## Task directions
Once the line containing "Fresh Juice Blender’s Instagram account" is found in the records below, return it and each following line exactly, up to and including the line containing "Шляпа от солнца", and nothing else.

## Provided data
- Opening Delimiter -

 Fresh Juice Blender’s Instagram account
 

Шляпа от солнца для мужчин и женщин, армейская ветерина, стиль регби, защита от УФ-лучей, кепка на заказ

- Closing Delimiter -
- Opening Delimiter -

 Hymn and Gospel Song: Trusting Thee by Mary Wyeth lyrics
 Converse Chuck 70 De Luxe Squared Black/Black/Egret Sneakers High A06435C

- Closing Delimiter -
- Opening Delimiter -

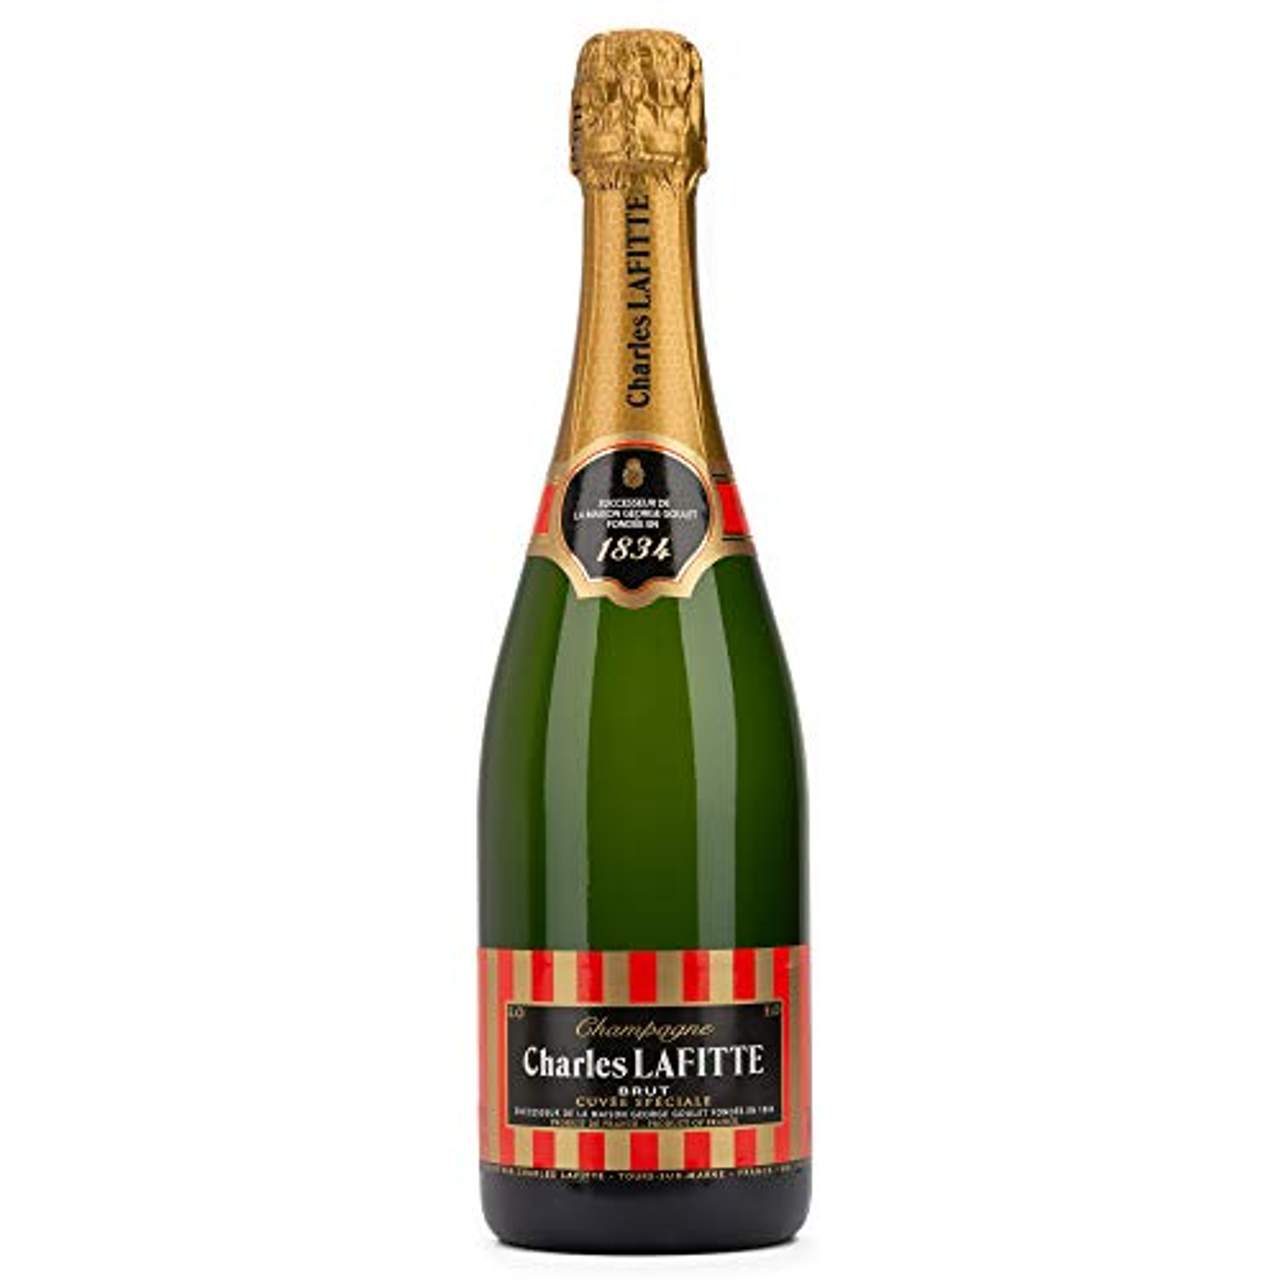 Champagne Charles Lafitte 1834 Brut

- Closing Delimiter -

## Result of this exercise
 Fresh Juice Blender’s Instagram account
 

Шляпа от солнца для мужчин и женщин, армейская ветерина, стиль регби, защита от УФ-лучей, кепка на заказ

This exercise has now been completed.